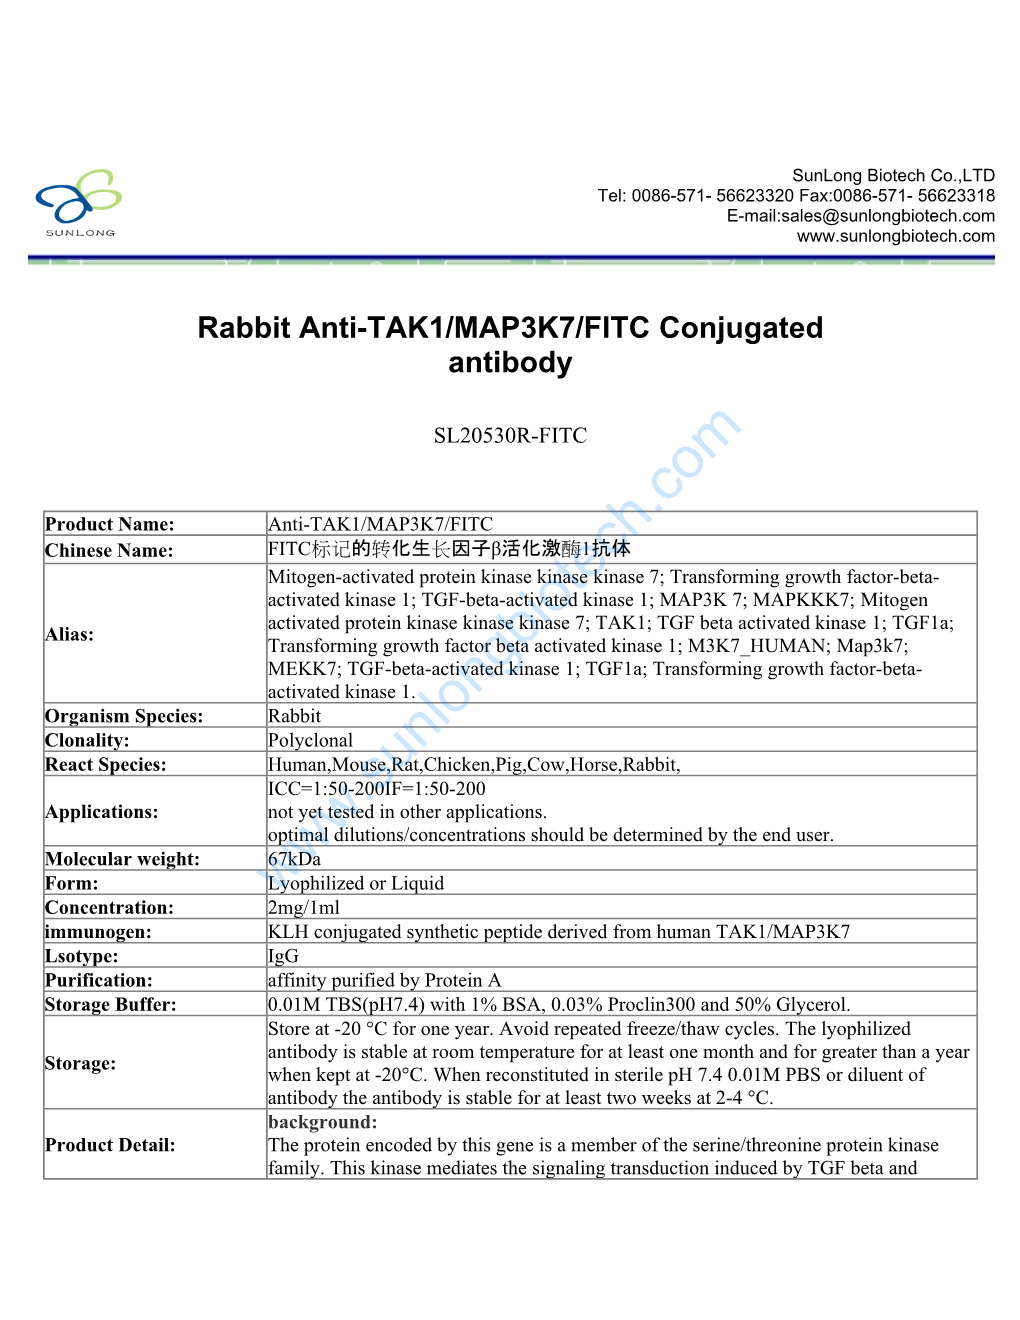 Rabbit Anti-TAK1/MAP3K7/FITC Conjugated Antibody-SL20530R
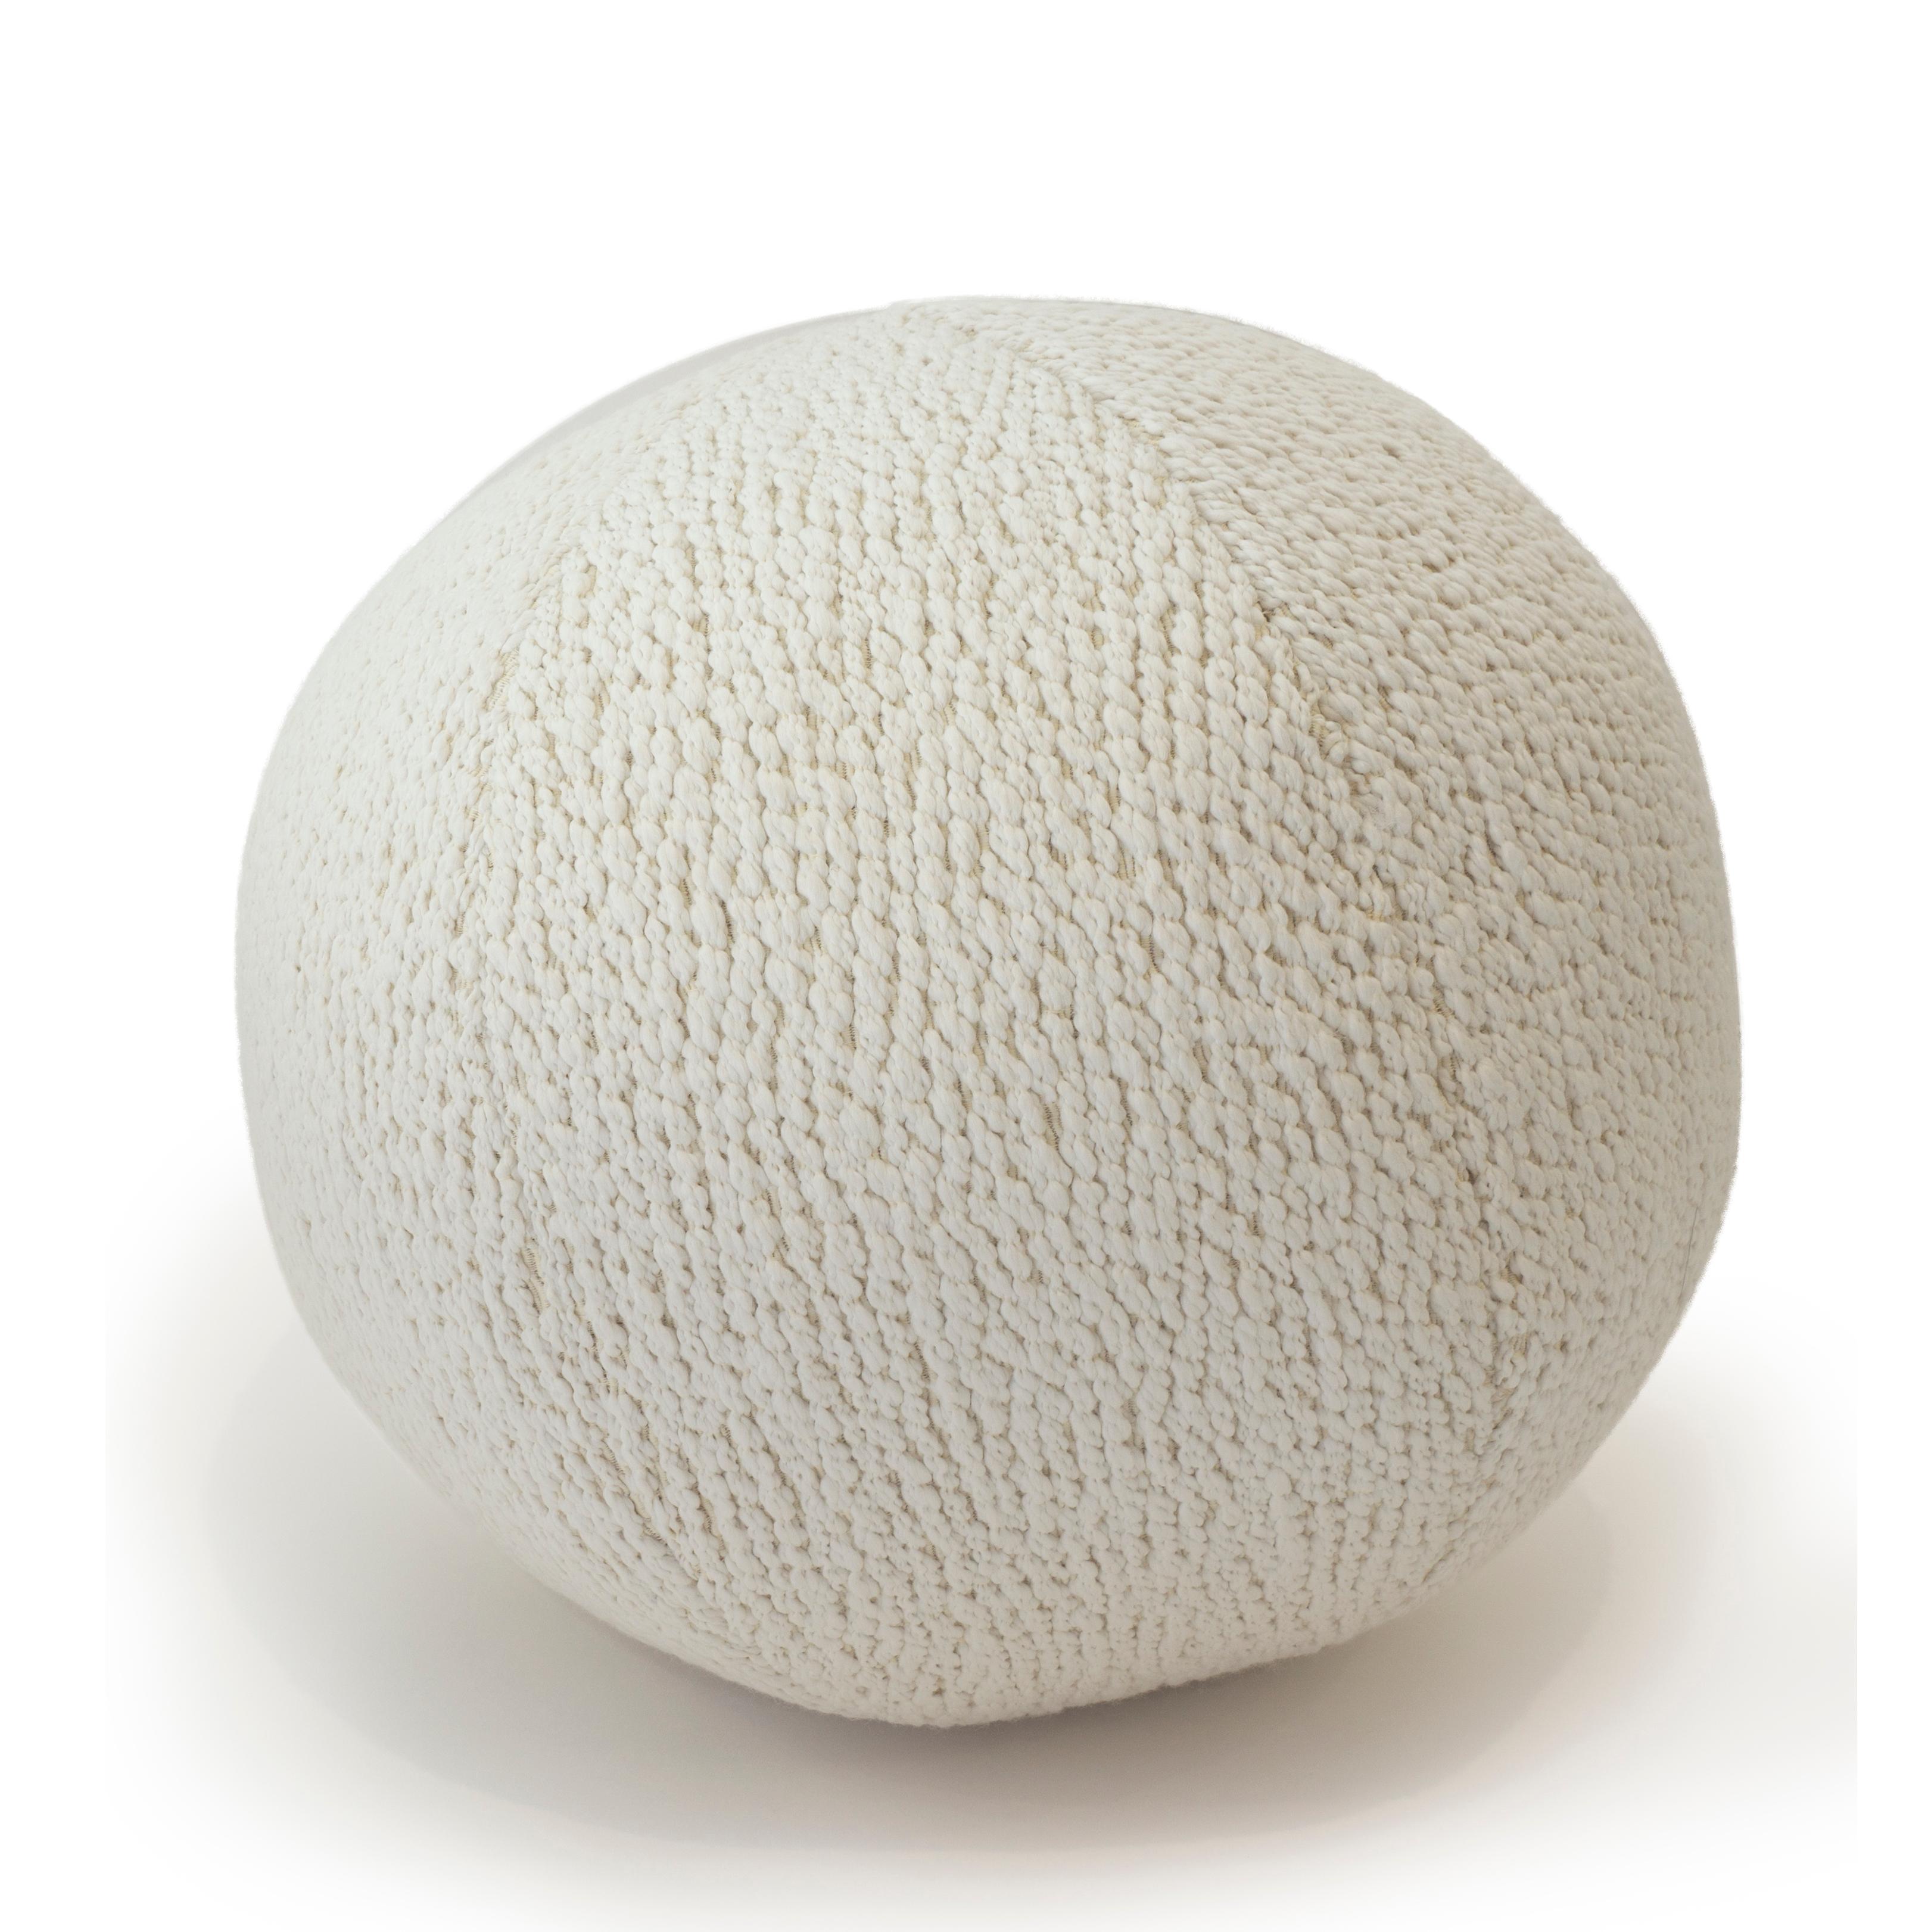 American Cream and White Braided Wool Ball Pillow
....
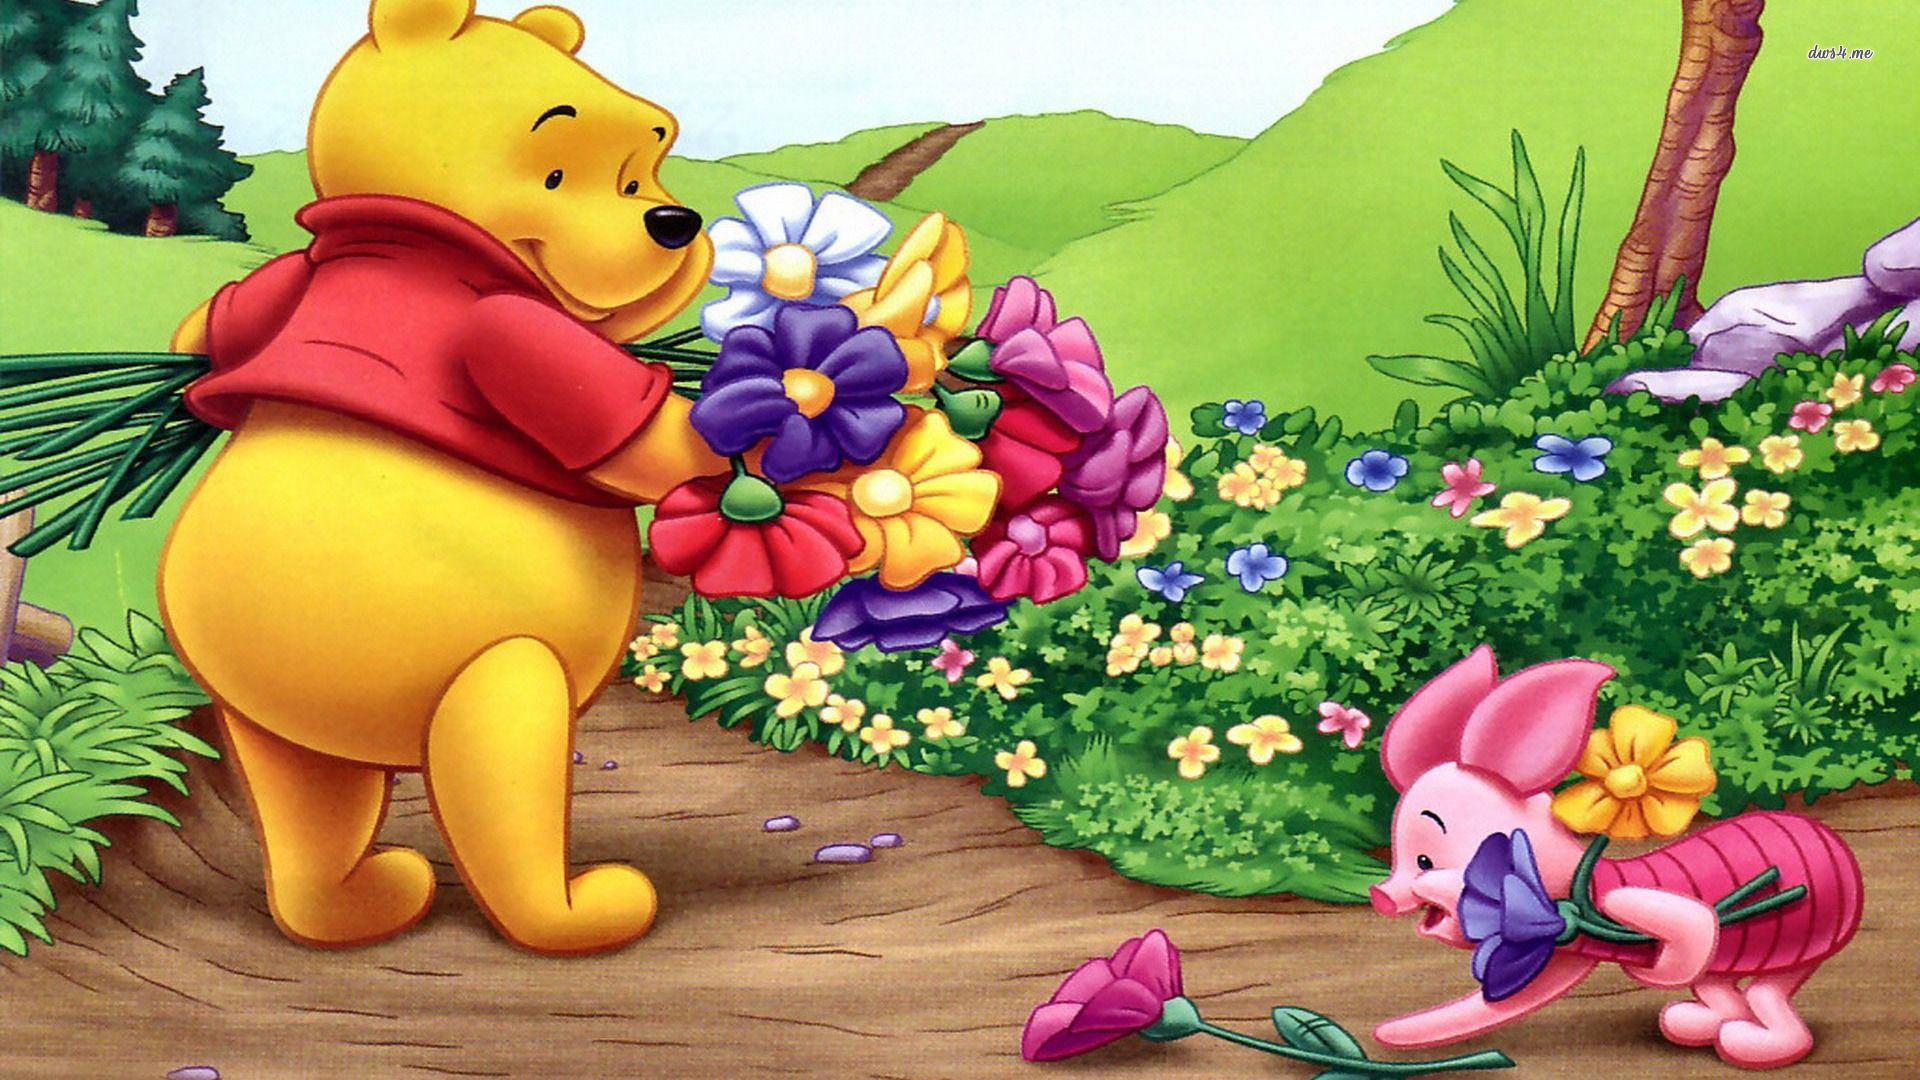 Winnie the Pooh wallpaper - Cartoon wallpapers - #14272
....
• How to complete this task: When copying from the data above, print only the lines from the line containing "Rabbit Anti-TAK1/MAP3K7/FITC Conjugated" to the line containing "American Cream and", exactly, and leave the pictures out.

• Solution for this problem:
 Rabbit Anti-TAK1/MAP3K7/FITC Conjugated Antibody-SL20530R
 American Cream and White Braided Wool Ball Pillow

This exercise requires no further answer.